BEGIN Recorded information

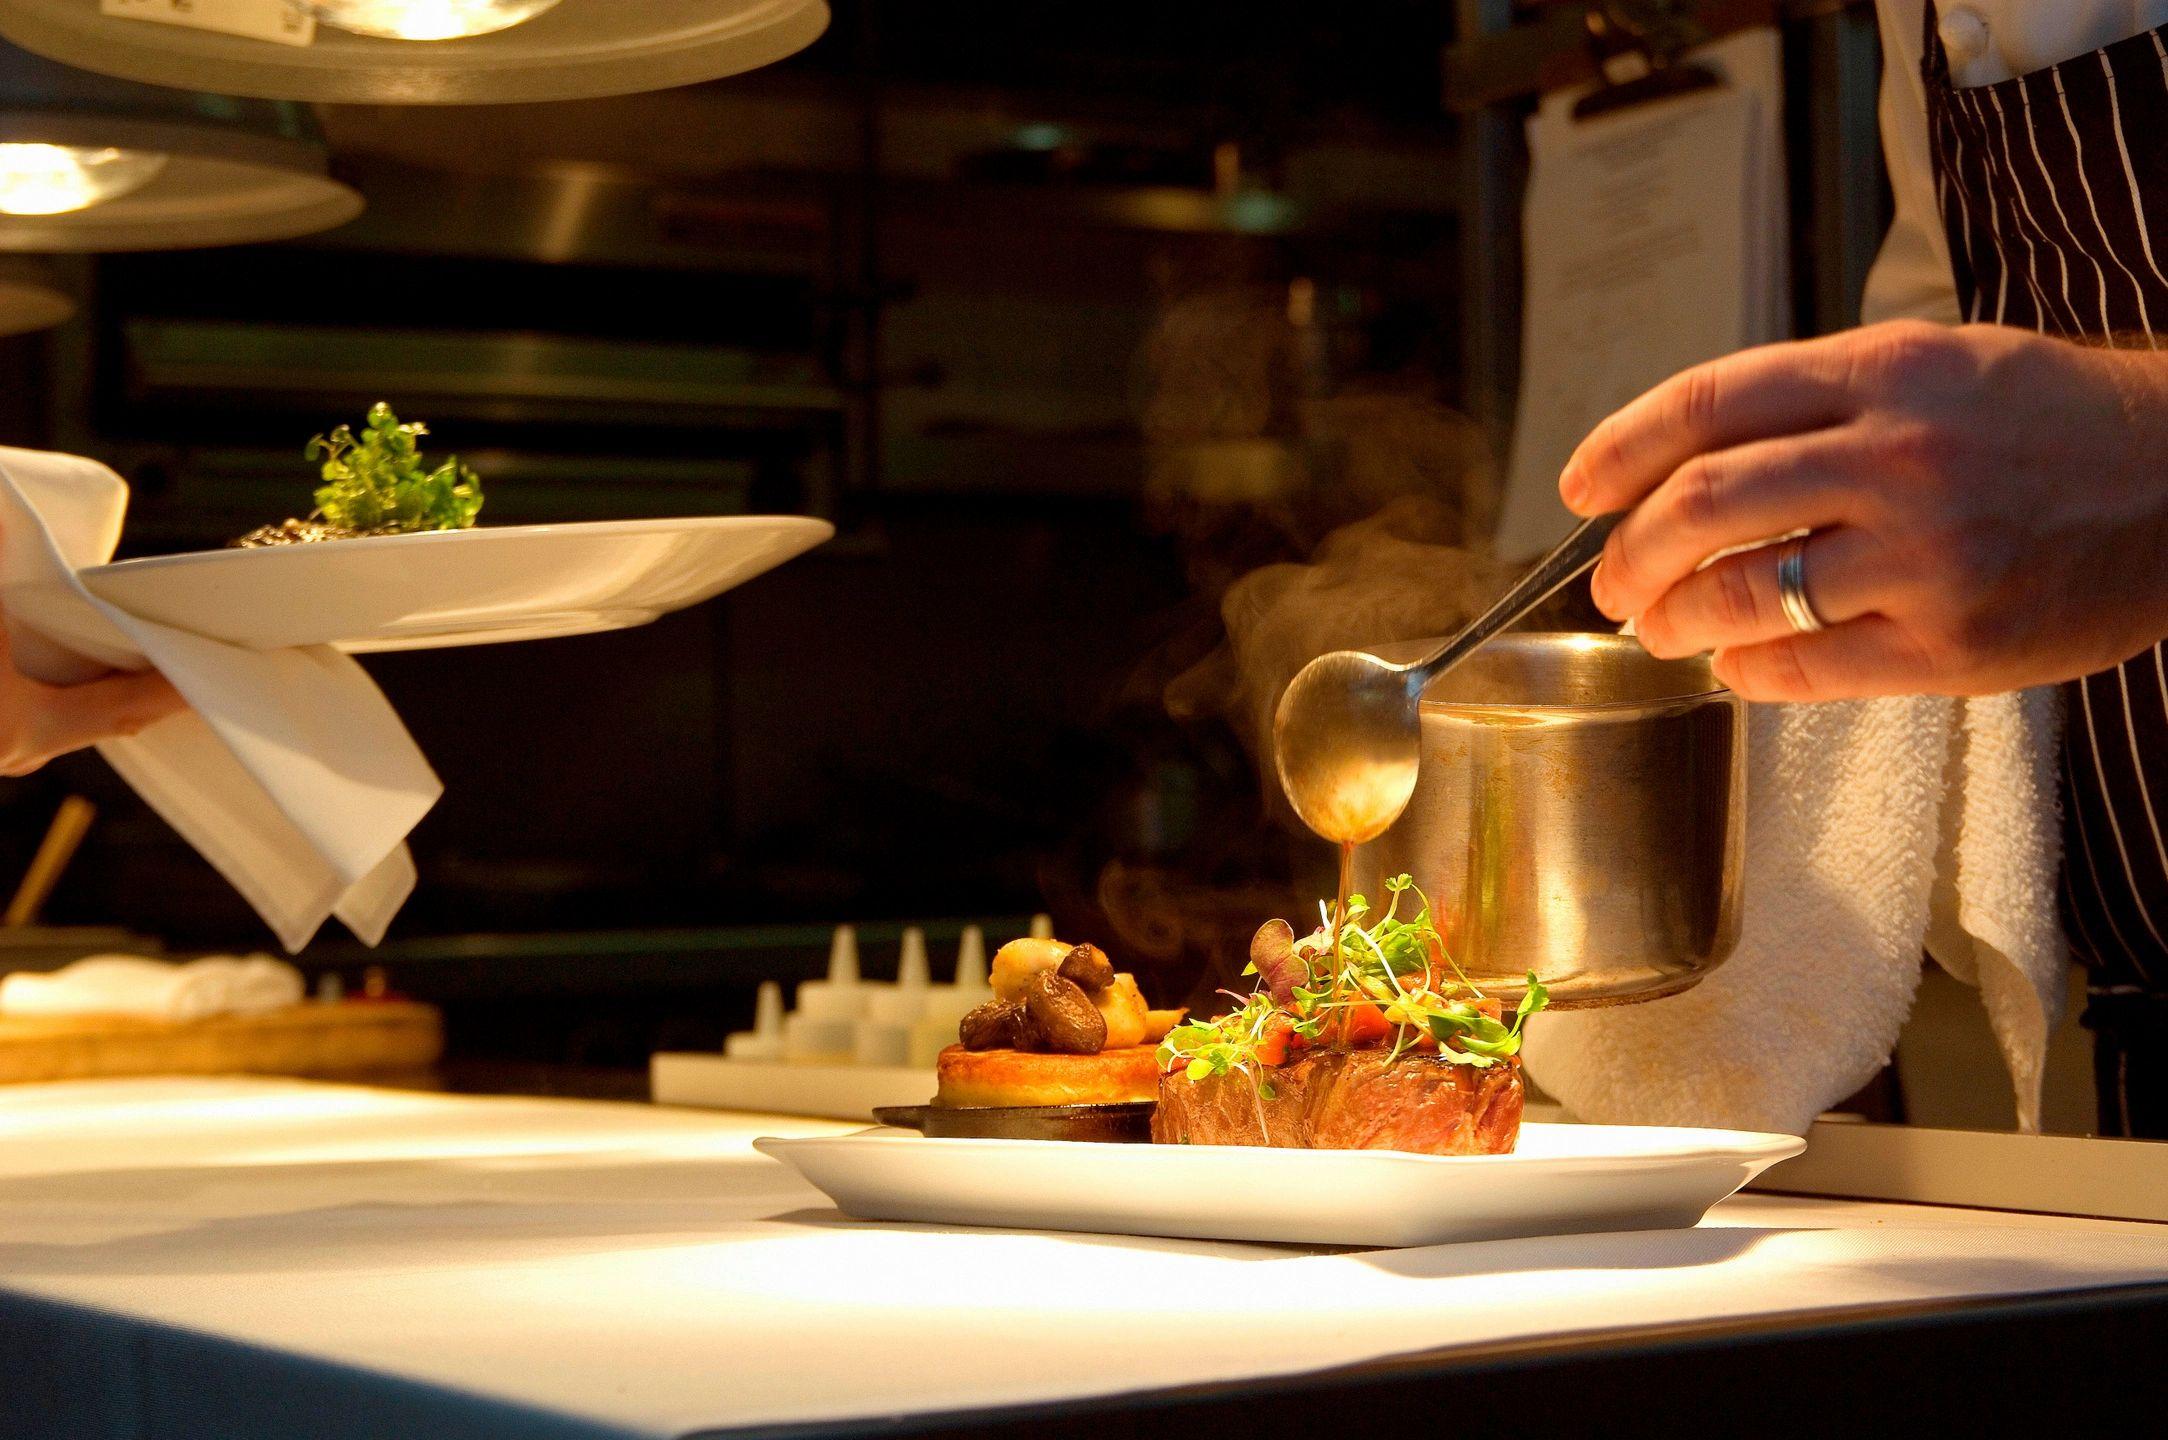 Botanica Cuisine By Dag Demarkow Co Dinner Food Restaurant
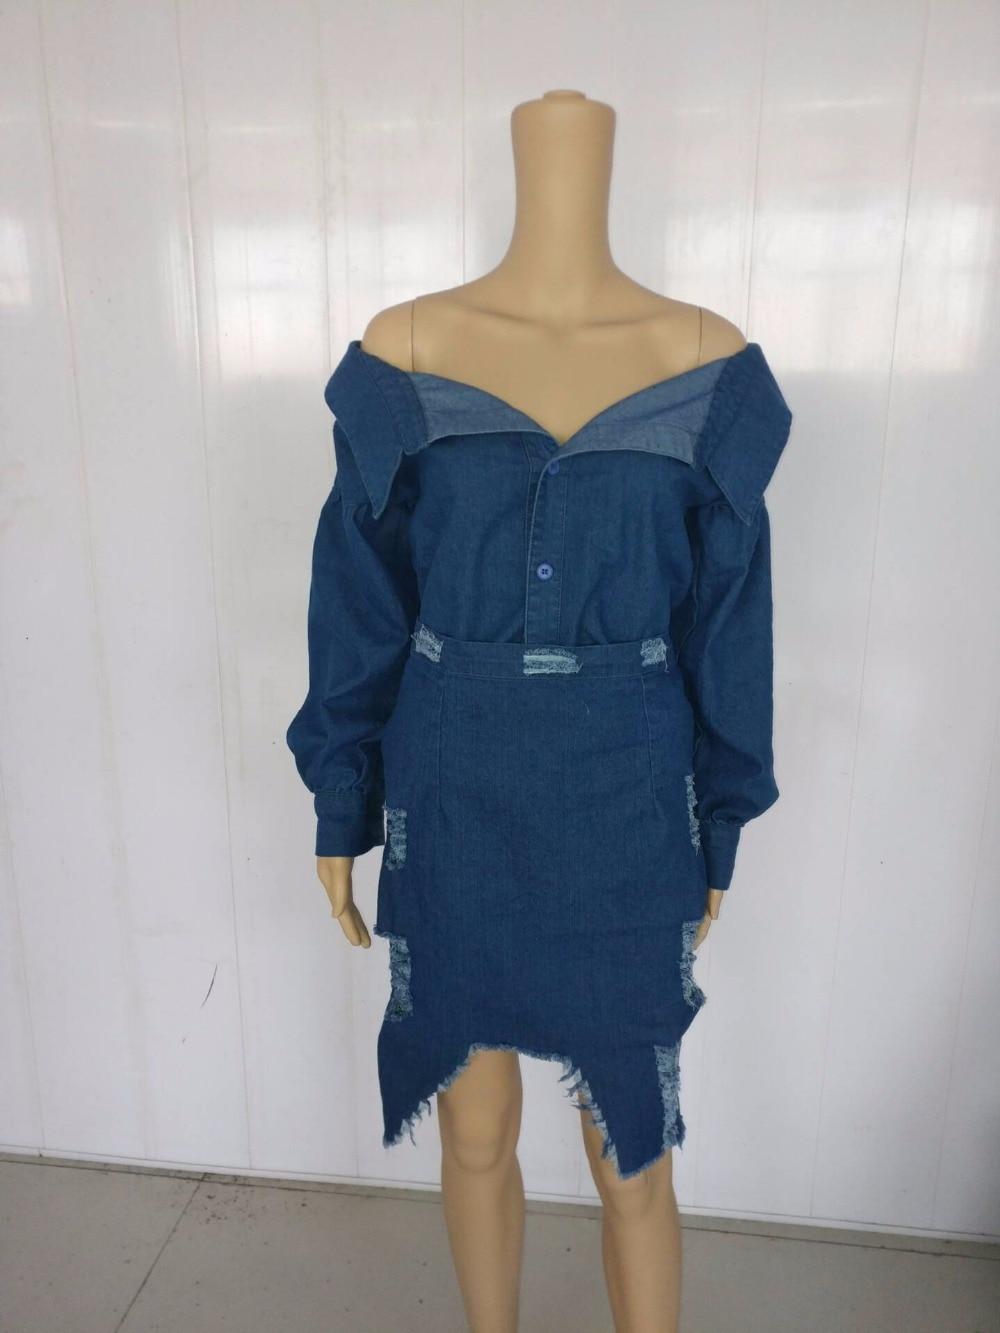 56e3f4271f Φορέματα European Foreign Trade Women Dress Sheath Party Cub Dress Off  Shoulder Denim Bodycon Jeans Dresses SY1128
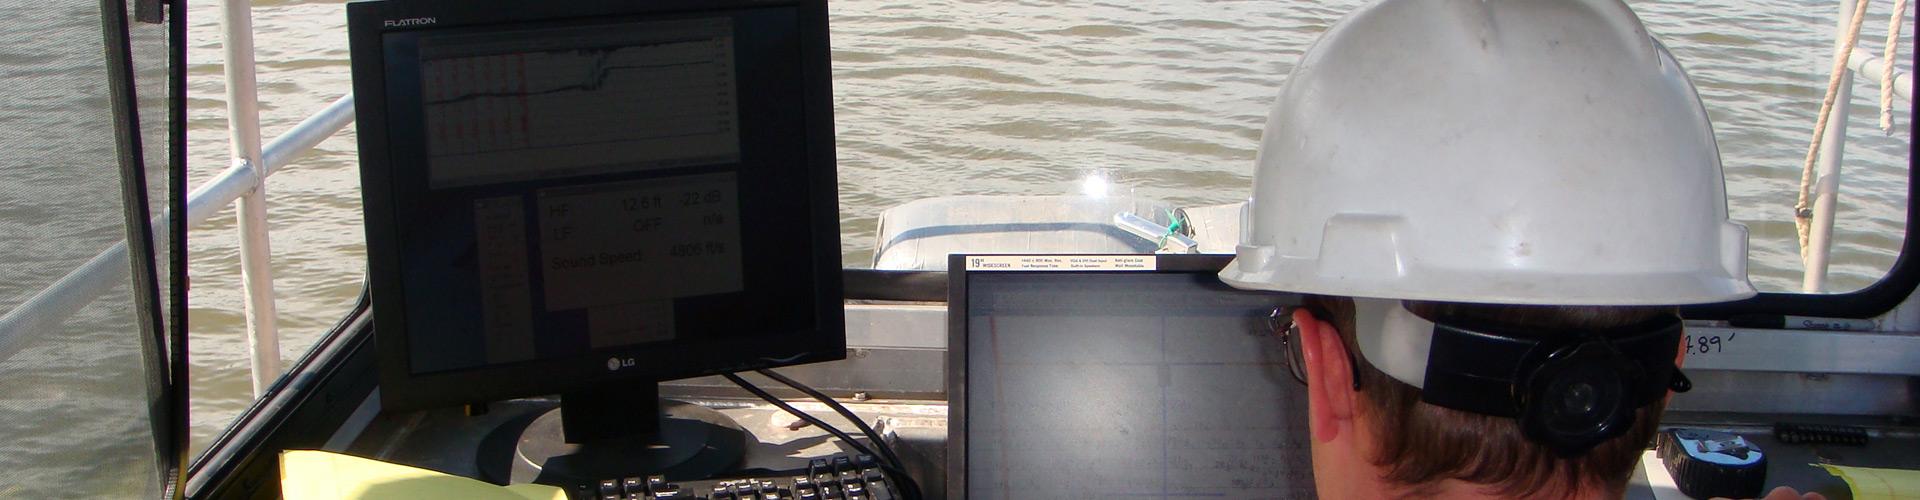 bathymetric survey, hydrographic survey, water surveys, river surveys, marine construction

END Recorded information

Problem statement: An exact printout of the listing is needed, minus any pictures it contains.

Task answer:
 Botanica Cuisine By Dag Demarkow Co Dinner Food Restaurant
 56e3f4271f Φορέματα European Foreign Trade Women Dress Sheath Party Cub Dress Off  Shoulder Denim Bodycon Jeans Dresses SY1128
 bathymetric survey, hydrographic survey, water surveys, river surveys, marine construction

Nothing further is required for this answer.